(notes from one other remote, exotic place, with strange people and customs: Cornwall)
In a Papuan rainforest location I recently witnessed a PR person bragging about how her company had really not done that much damage to the environment at all. In a field which had previously been a complex forest ecosystem on the equatorial, there now lies a grass meadow with grazing cows, right out of a Constable painting. And we thought that clichés were only harmful to the soul...
Now, in Cornwall, I am struck by how desolate the land is in the ‘mature economies’. The beautiful meadows, with the gorgeous rolling hedges (the latter - to be precise - can contain a surprising complexity of life in them), the cows and horses… It all seems so empty and destroyed compared to the real thing. Desolate, really, is the word.

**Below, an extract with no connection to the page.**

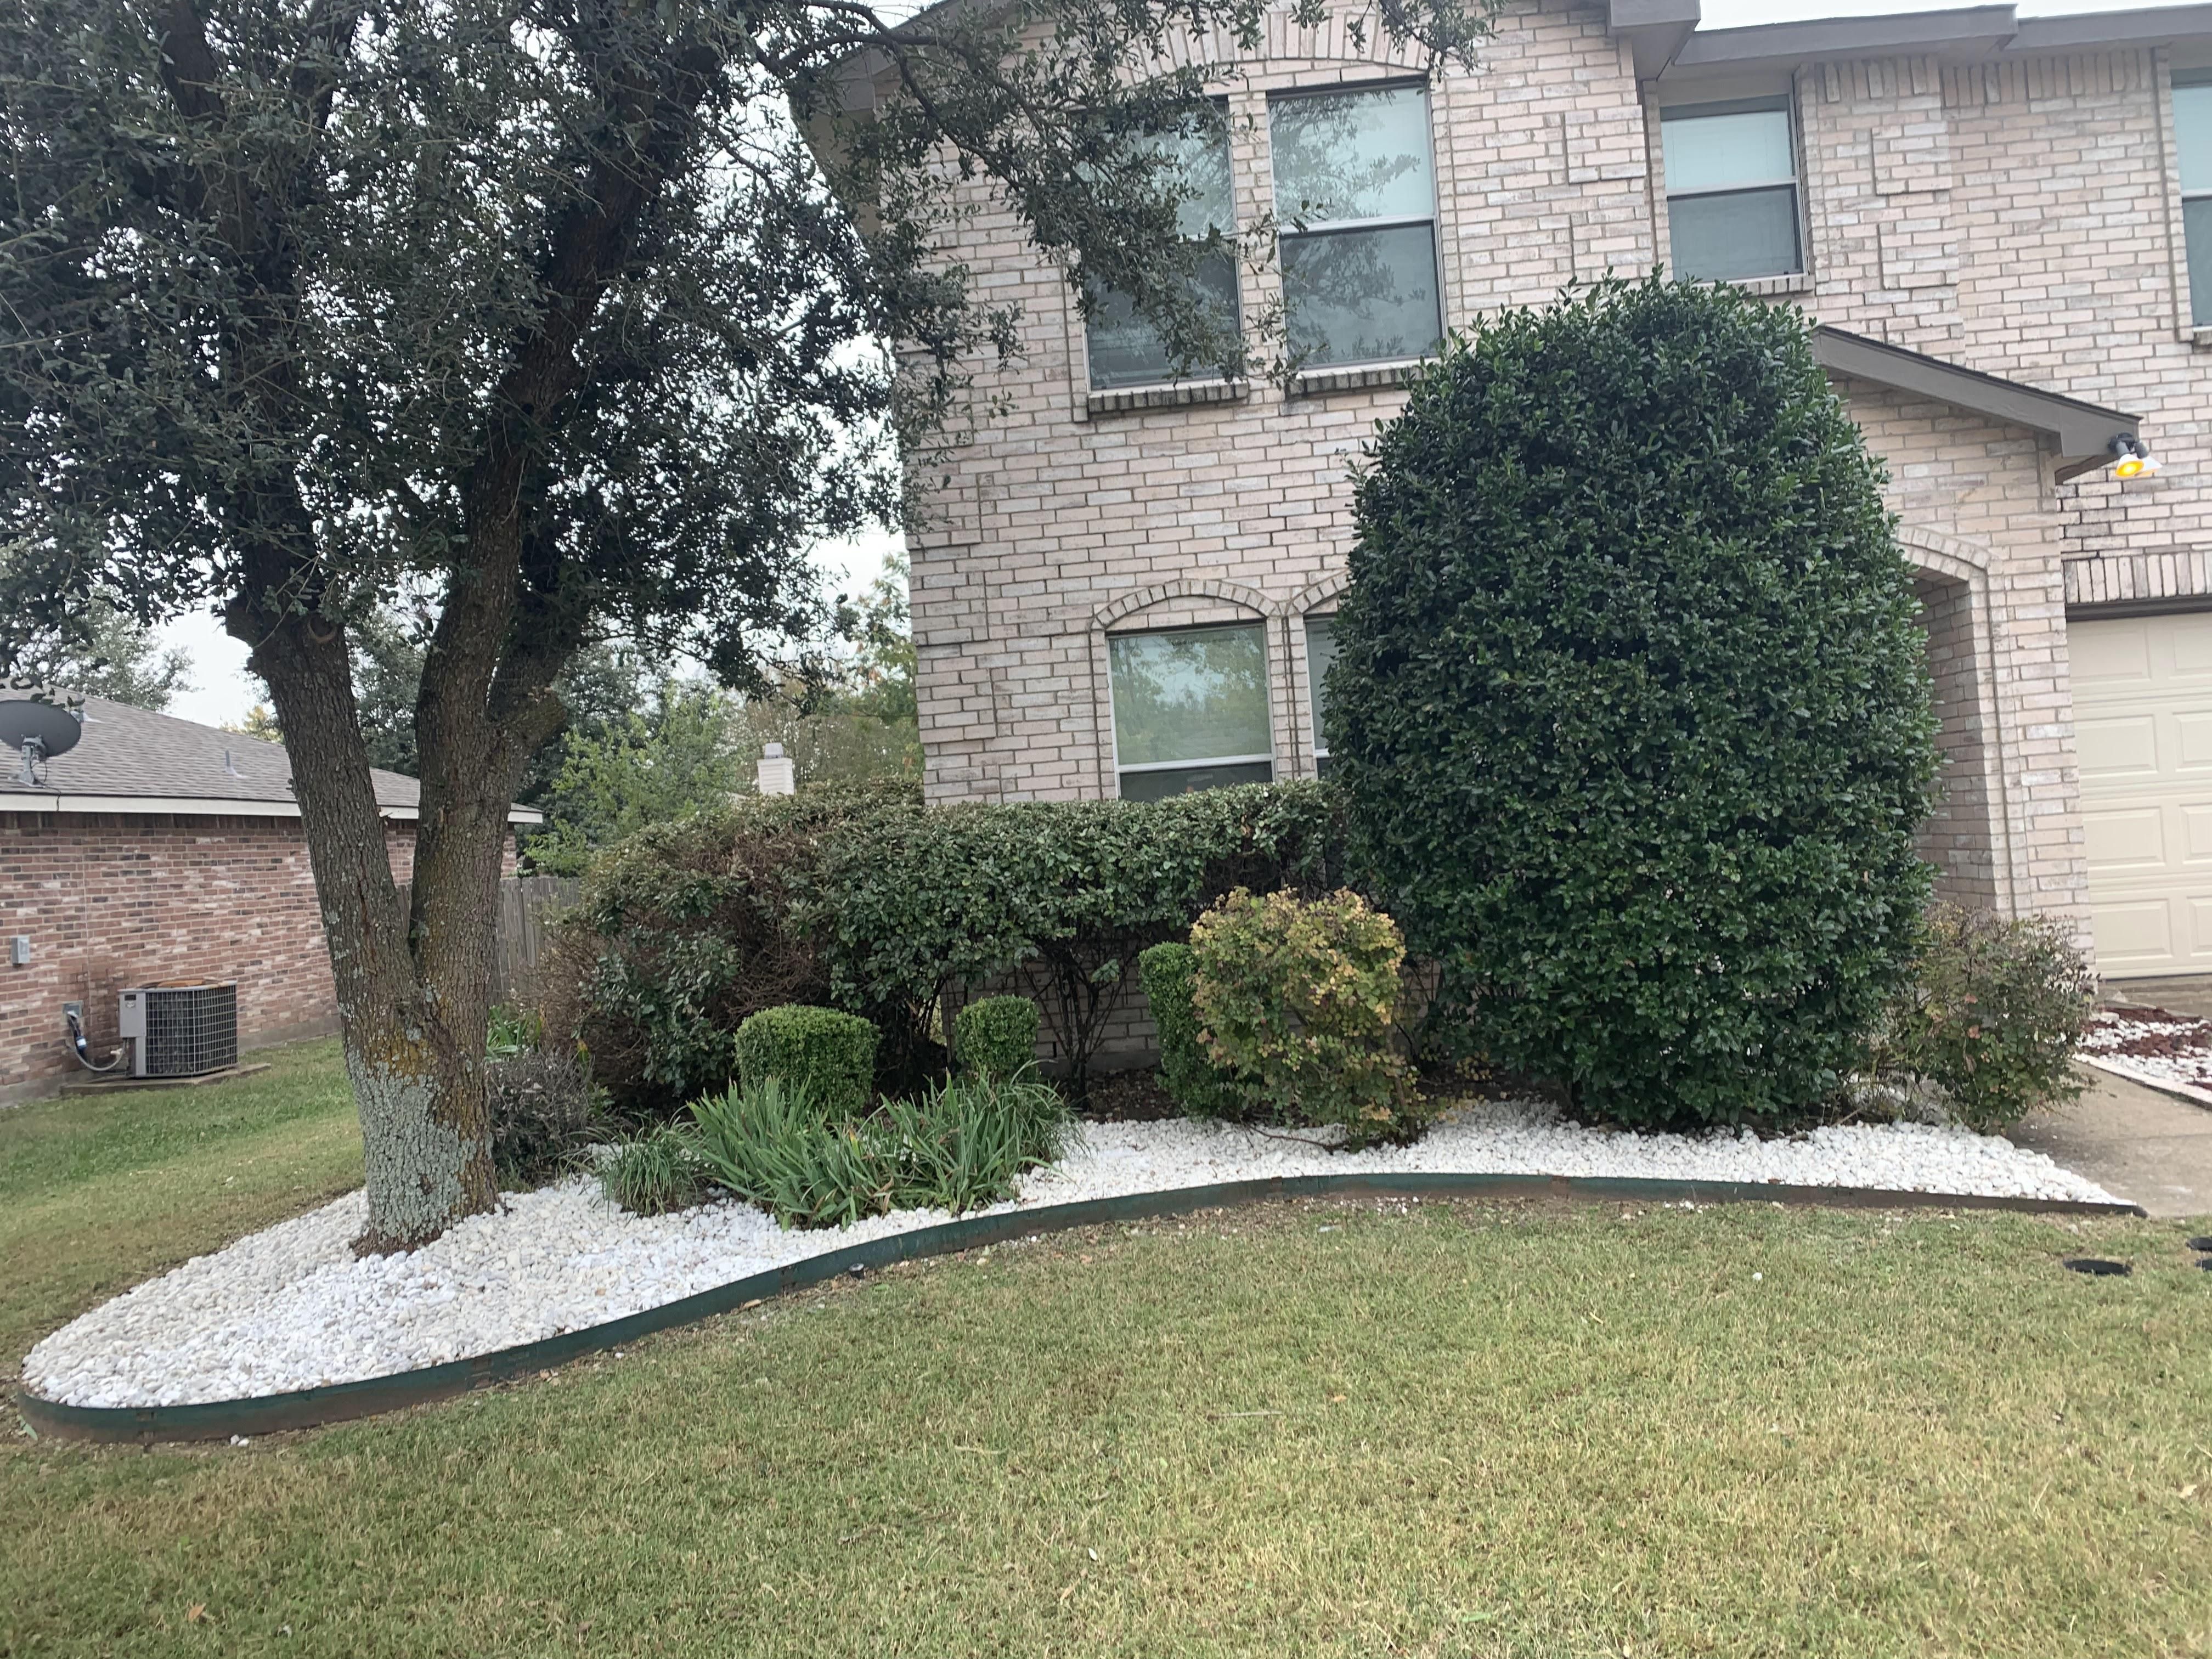 All Photos for Grass Kickers Lawn Care and Landscaping in Dallas, TX

Csaba Aradi, the former director of the Hortobagy National Park in Hungary once played a little game with me. I - in my usual polite manner - asked him, why on Earth people are so interested in the flat barren land over which he resided. Hortobagy is a great plain. It was, I suggested, just grass and nothing. His response? He made me walk in a random direction, of my choice, for a random distance, also my choice, on this ‘empty field’. Then we kneeled down, and he made me count the species I could see within a circle of one-metre diameter. It took a while: there were a lot of species. Then we stood up, he made me choose another direction, and we walked just two metres. Kneeled down again, many distinct species again, almost none of them the same. The species diversity in this ‘flat, barren field’ was very high indeed.
Now take Papua, the extreme version of ecological variation. You cannot say this slowly enough, for my mind to take it in. There are more than 2000 different orchids on Papua. Two thousand. More than 600 birds. Incredible. 61 different species of snakes. Some 2400 different fish. How many birds, or fish can I name? Or remember ever having seen? Including the zoo, the nature books, the Attenborough movies, and all my hikes altogether. I guess - I have seen quite a few – but it is maybe 300 max. Now Papua has double all the birds I think I have ever glanced at in life, on the screen or in books. Or fish: if I spent only a minute looking at each species, I would need almost two days of constant looking to get through them. (This is why people come up with silly comparisons -- the magnitude just cannot be felt through a number on the screen, albeit a four-digit one. The next thing I will do is calculate whether all the fish species lined up one after the other would actually reach the moon...)
And to top it all, you have more than 100 thousand insect species alone. Now, that is a lot of bugs.
Then look at the English landscape. Grass and grazing cows. That is two species. Well, grass is a little more complicated, so maybe a few more. And the weeds. And the crows. And… Er… There is also the fly, yeah? It is a desert.